Significant numerical results include achieving F1 scores of approximately 0.93 for abstract classification and 0.76 for sentence extraction, illustrating robust classification capabilities. The paper discusses the importance of textual features, MeSH terms from PubMed metadata, and named entity recognition (NER) tools in enhancing classification performance. The inclusion of bigrams and selected NER features, notably BICEPP, significantly improved classifier effectiveness. However, the paper acknowledges a potential ceiling on performance with linear classifiers, suggesting room for further improvements possibly with non-linear approaches or enhanced feature annotation.

Implications and Future Directions

This research contributes to the field by enhancing methods for efficient, automated extraction of DDIs, focusing on the specific PK evidence type — pivotal for understanding causal mechanisms and fostering deeper pharmaco-epidemiological studies. The implications are substantial, potentially reducing the incidence of ADRs through better DDI identification and facilitating informed clinical and pharmaceutical decision-making.

For future work, the authors express intentions to extend the current methodology to incorporate other types of DDI evidence, such as clinical data, which, combined with PK evidence, could offer a more comprehensive understanding of DDIs.

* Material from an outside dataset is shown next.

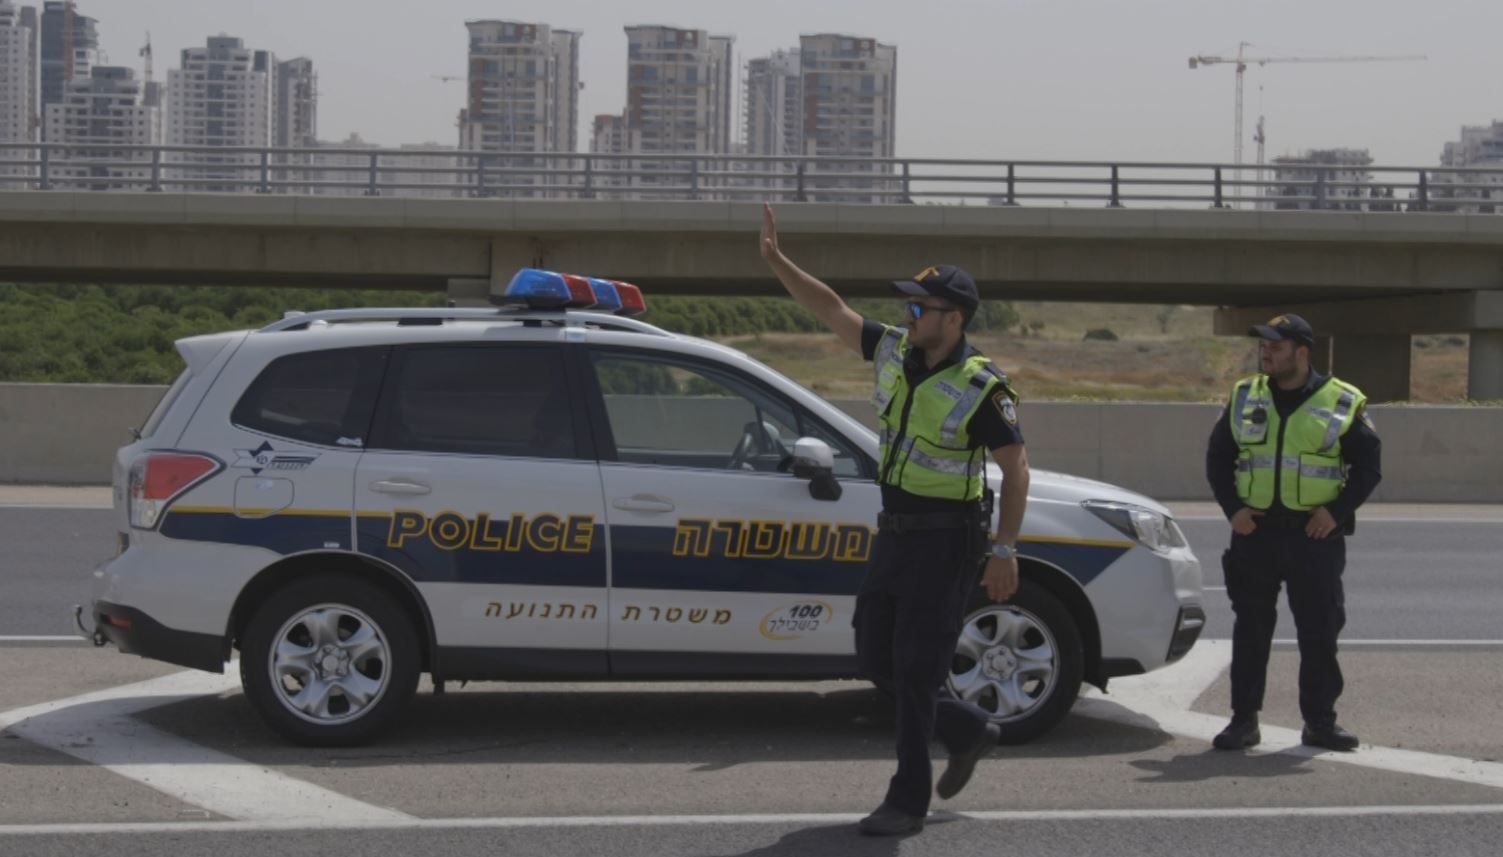 שוטר התנועה שעצר את התנועה לטובת היולדת. צילום: דוברות המשטרה

Additionally, expanding the scope of their literature mining to larger corpora could address existing knowledge gaps in the DDI domain, aiding drug development and optimization of therapeutic practices.

Conclusion

Kolchinsky et al.'s paper presents a well-substantiated paper highlighting the capabilities of current literature mining techniques for identifying PK evidence of DDIs. By demonstrating high classification performance, the work lays the foundation for integrating automated text mining into DDI discovery pipelines and contributes to the broader goal of mitigating adverse drug interactions. The paper sets the stage for future advancements in automatic evidence extraction, promising to enrich pharmacological research and enhance patient safety with informed drug administration protocols.